As you can see the accuracy score of both models is significantly higher then our baseline of 0.37. Now you might think the random forest model is the better choice here, but you would be wrong. The random forest model does have a higher validation accuracy but with a .99 training accuracy we can tell the model is overfitting. Overfitting refers to a model that models the training data too well. Overfitting happens when a model learns the detail and noise in the training data to the extent that it negatively impacts the performance of the model on new data.
Having models up and running for each problem, it was time to take the best models and tune them. Tuning is the process of maximizing a model’s performance without overfitting or creating too high of a variance. This is accomplished by selecting appropriate hyperparameters and testing them. For our price prediction problem we saw that the random forest and XGB models worked the best but the random forest was overfitting. I decided to tune the XGB model to achieve the best metrics possible.
After running a randomized search cv I was able to find the best hyperparameters to use. After adjusting the XGB model hyperparameters and running it we achieved some amazing evaluation metrics in comparison to our previous scores and baseline.
Now back to our building type problem. As stated before the random forest model was overfitting so I decided to tune the XGB model for this multiclass classification problem.
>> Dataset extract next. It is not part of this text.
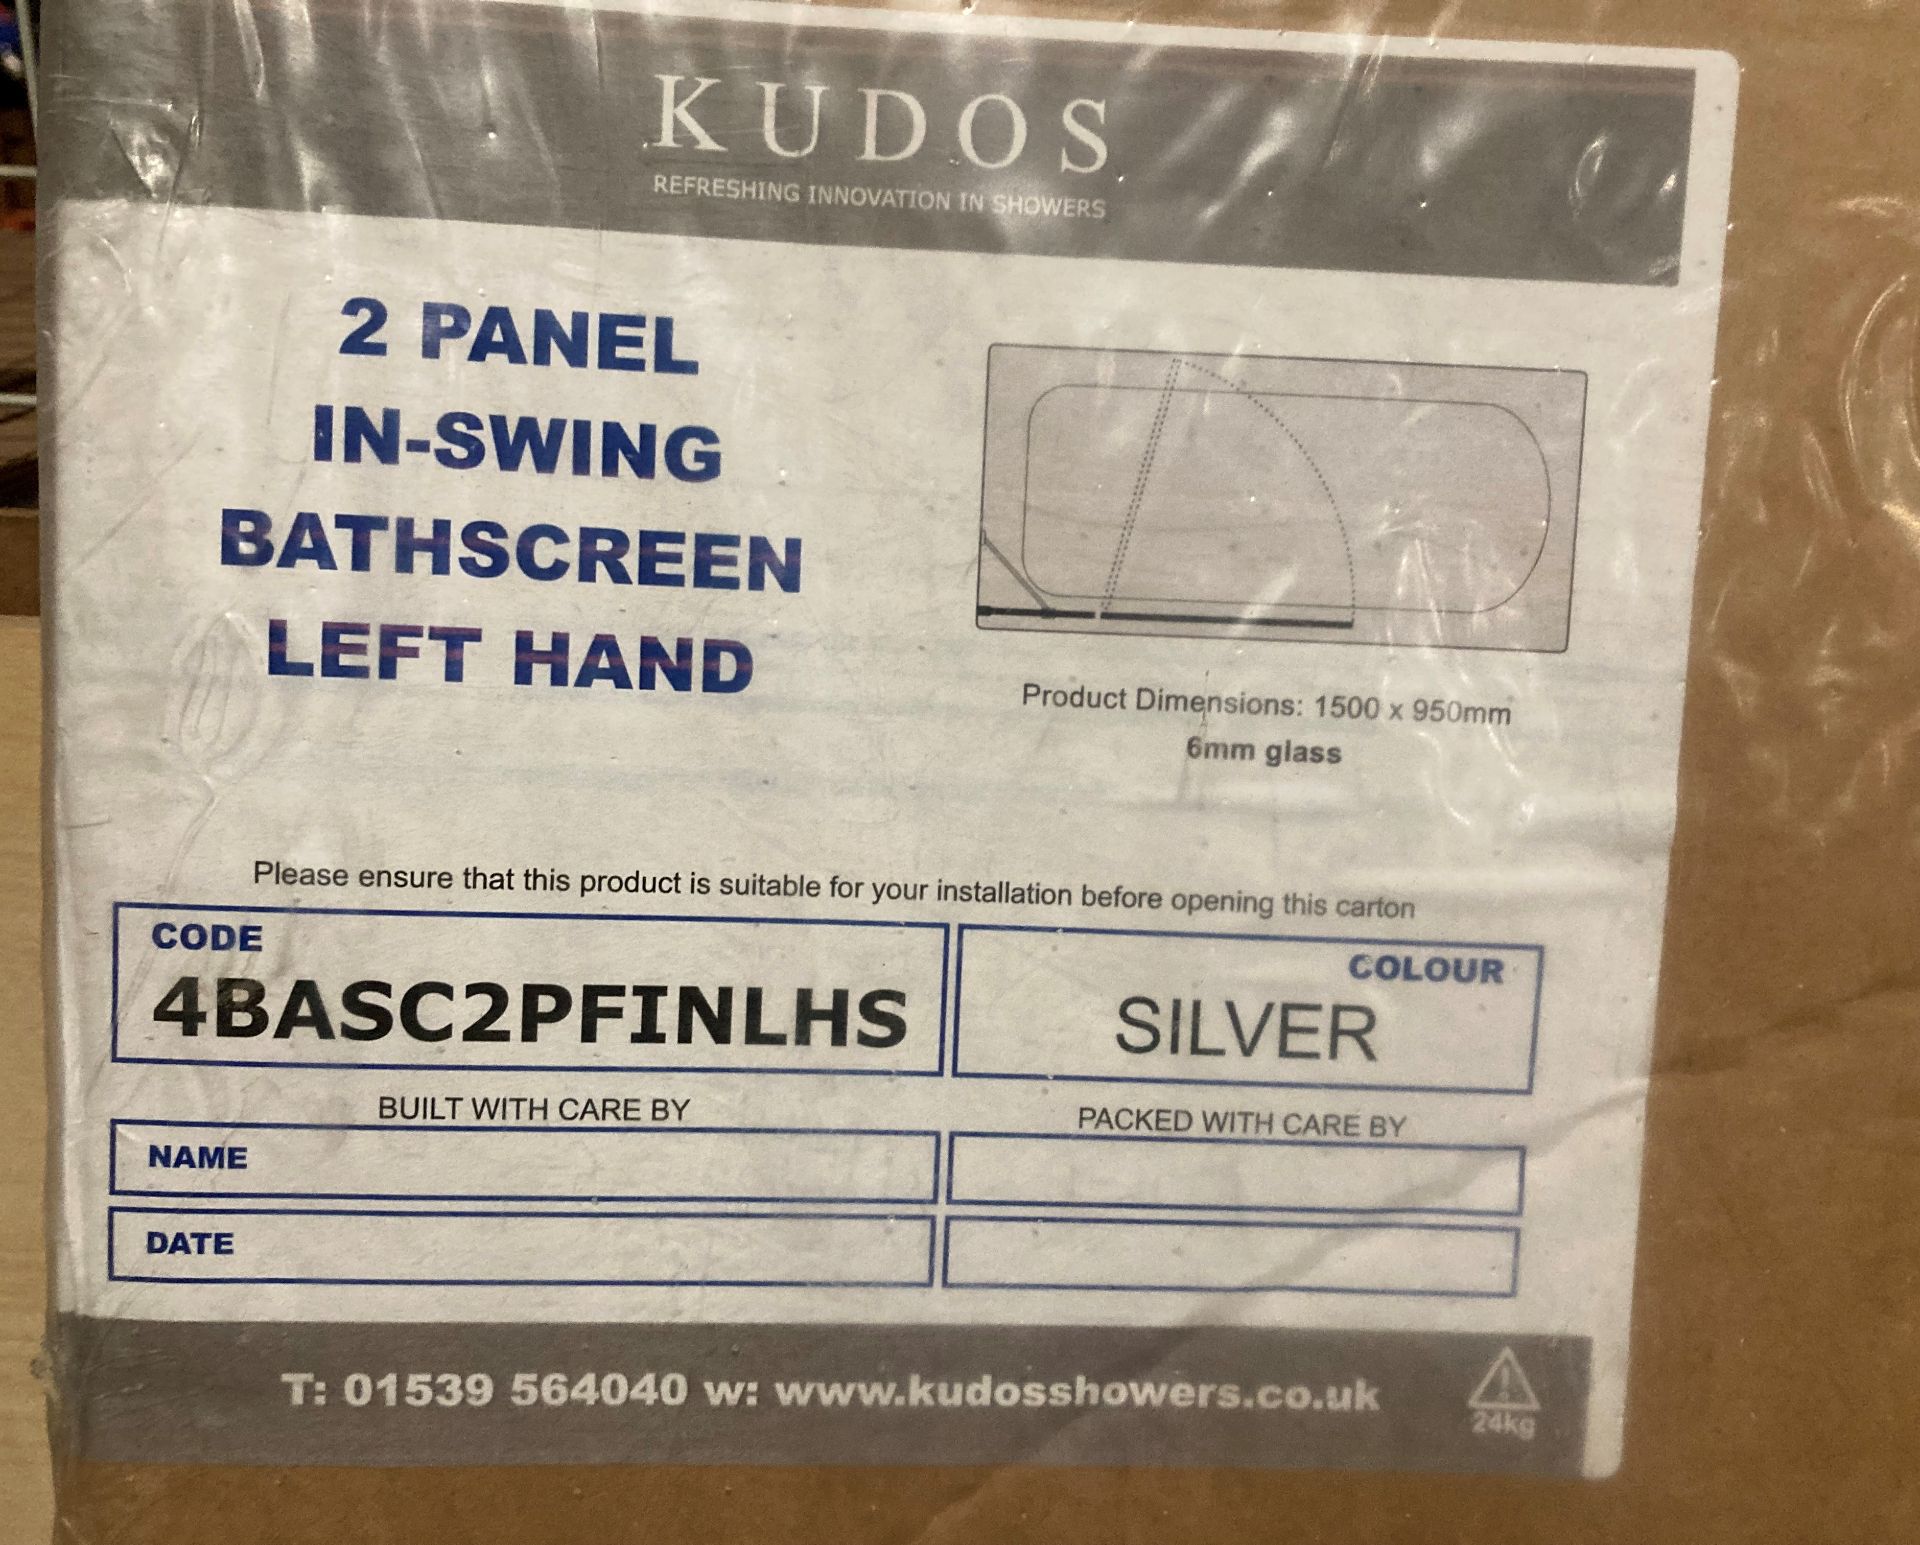 Kudos 2 panel in-swing bath screen left hand in silver 1500mm x 950mm with 6mm glass - new boxed - Image 2 of 2

Just like before I used a randomized search cv to find the best hyperparameters and plugged them into our model. Again we were able to achieve our best score yet.
Now that we have our models tuned and running for each problem lets look at the permutation importance of each of them. Permutation feature importance is defined to be the decrease in a model score when a single feature value is randomly shuffled. This procedure breaks the relationship between the feature and the target, thus the drop in the model score is indicative of how much the model depends on the feature. On the left is the permutation feature importance for our price prediction and on the right is for our building type.
Most Important Features
Below is a list of the most important features to predict both our problems. On the left is the most important features for our price prediction problem and on the right is our building type prediction problem.
As the name would imply classification report is for classification problems only, below is the report for our building type problem. To clear things up 0–5 represent our different building types. Precision tells us what proportion of positive identifications were actually correct. While recall tells us what proportion of actual positives were identified correctly. F1 score combines precision and recall relative to a specific positive class, the F1 score can be interpreted as a weighted average of the precision and recall, where an F1 score reaches its best value at 1 and worst at 0.
Finally, we have come to our last metric the confusion matrix. This is another matric that only works with classification problems so this is representing our building type problem. After reviewing this confusion matrix we can see our model is good at predicting building types and the majority of the building types are 1,2, and 3.
In conclusion, the last four weeks were awesome, I learned a ton about machine learning and predictive models. While the end product might look good I had a ton of small problems throughout this project. These problems helped me learn and gain valuable insights into the machine learning world. Learning and having the ability to predict house prices and building type is the closest thing I have to a superpower. This project has done nothing but excite me about machine learning and AI. I hope to carry this enthusiasm into the next few months and continue to feed my curiosity!